The following command in Version 9.0.1:

N[Integrate[x^50*Sin[x], {x, 0, 1}]]

gives $1.4615\times 10^{48}$ which is way off from the correct solution which is between $0$ and $0.5$.

Interestingly the indefinite integral comes out correct and if you increase the precision Mathematica gives an error and the following number: $0.0163$. The same result is given by NIntegrate.

What exactly is the problem here, is this a known issue and is there a workaround?

  • $\begingroup$ NIntegrate works fine though. $\endgroup$ – Öskå Dec 12 '13 at 17:42
  • $\begingroup$ @Öskå: Edited post accordingly - Thank you! $\endgroup$ – vonjd Dec 12 '13 at 17:46
  • 2
    $\begingroup$ Integrate gives the right result, it's when applying N to it things go bad. Asking for specific precision gives an error, but works if $MaxExtraPrecision is increased: res = Integrate[x^50*Sin[x], {x, 0, 1}]; Block[{$MaxExtraPrecision = 100}, N[res, 3]] $\endgroup$ – ssch Dec 12 '13 at 17:52
  • $\begingroup$ @ssch: I made the title more precise - Thank you! $\endgroup$ – vonjd Dec 12 '13 at 17:55
  • $\begingroup$ Related: (32782) $\endgroup$ – Mr.Wizard Aug 16 '16 at 7:12

This is standard cancellation error (please Google for it). See below for more details.
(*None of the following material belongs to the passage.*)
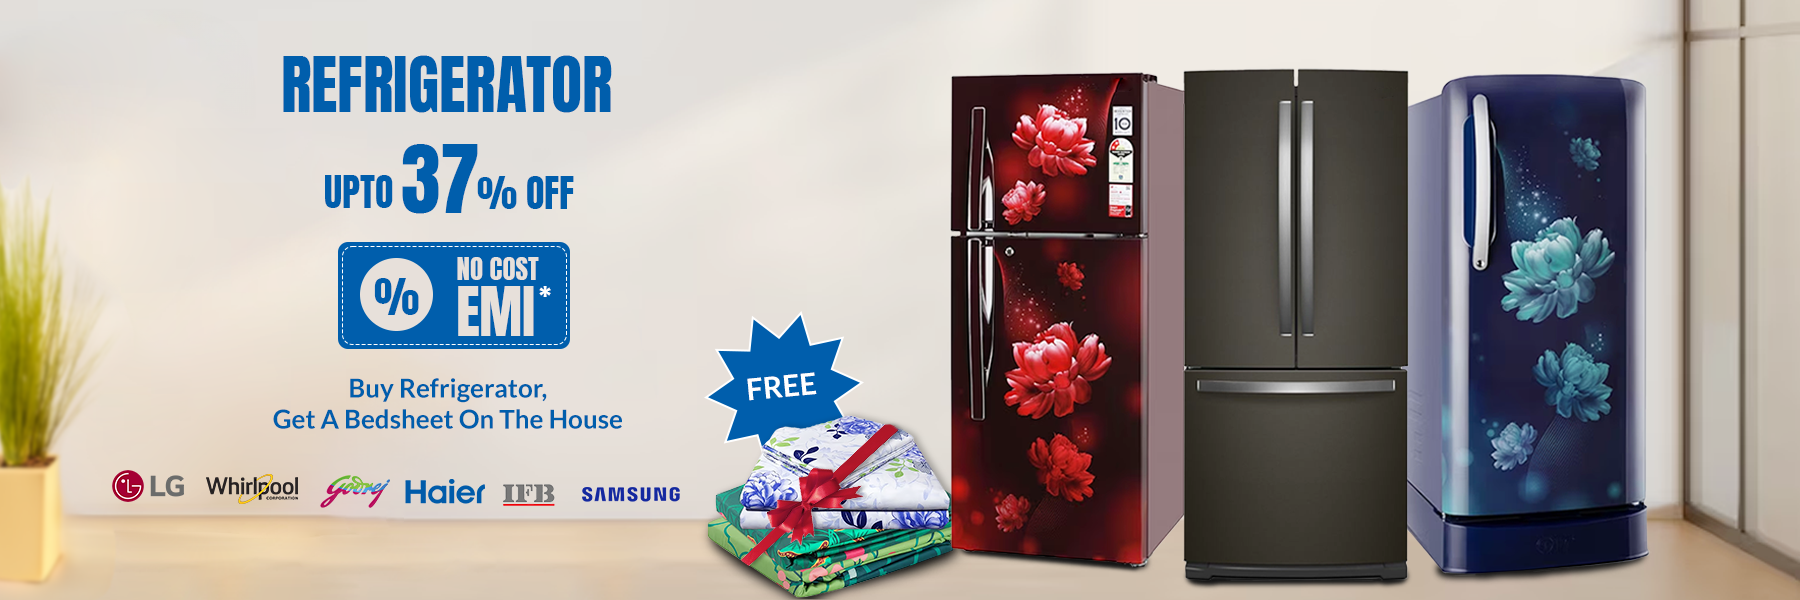  Purchase Refrigerator and Receive Complimentary Bedsheet – Limited Time Offer

Take a look at the exact result first:

result = Integrate[x^50*Sin[x], {x, 0, 1}]

(* ==>
    16432804687774250383441481995831940788236063969597816674967907249 Cos[1] + 
      50 (-608281864034267560872252163321295376887552831379210240000000000 + 
           511851539169698127179811081351899421435935914235737810293853873 Sin[1])



(* ==>
    -30414093201713378043612608166064768844377641568960512000000000000 + 
     16432804687774250383441481995831940788236063969597816674967907249 Cos[1] +
     25592576958484906358990554067594971071796795711786890514692693650 Sin[1]

This is approximately 0.016, a very small number, which arises as a difference of two very large numbers. So now it's clear that we need to work with a very high precision (lots of digits) when carrying out the subtraction, otherwise we'll get what's called catastrophic cancellation and thus an incorrect result. This is a phenomenon you need to learn about and be aware of if you do any kind of numerical work on a computer. Mathematica can do computations with lots of digits to avoid this problem, but systems which always use the CPU's built in floating point arithmetic (machine precision) won't be able to work around the problem simply by increasing precision.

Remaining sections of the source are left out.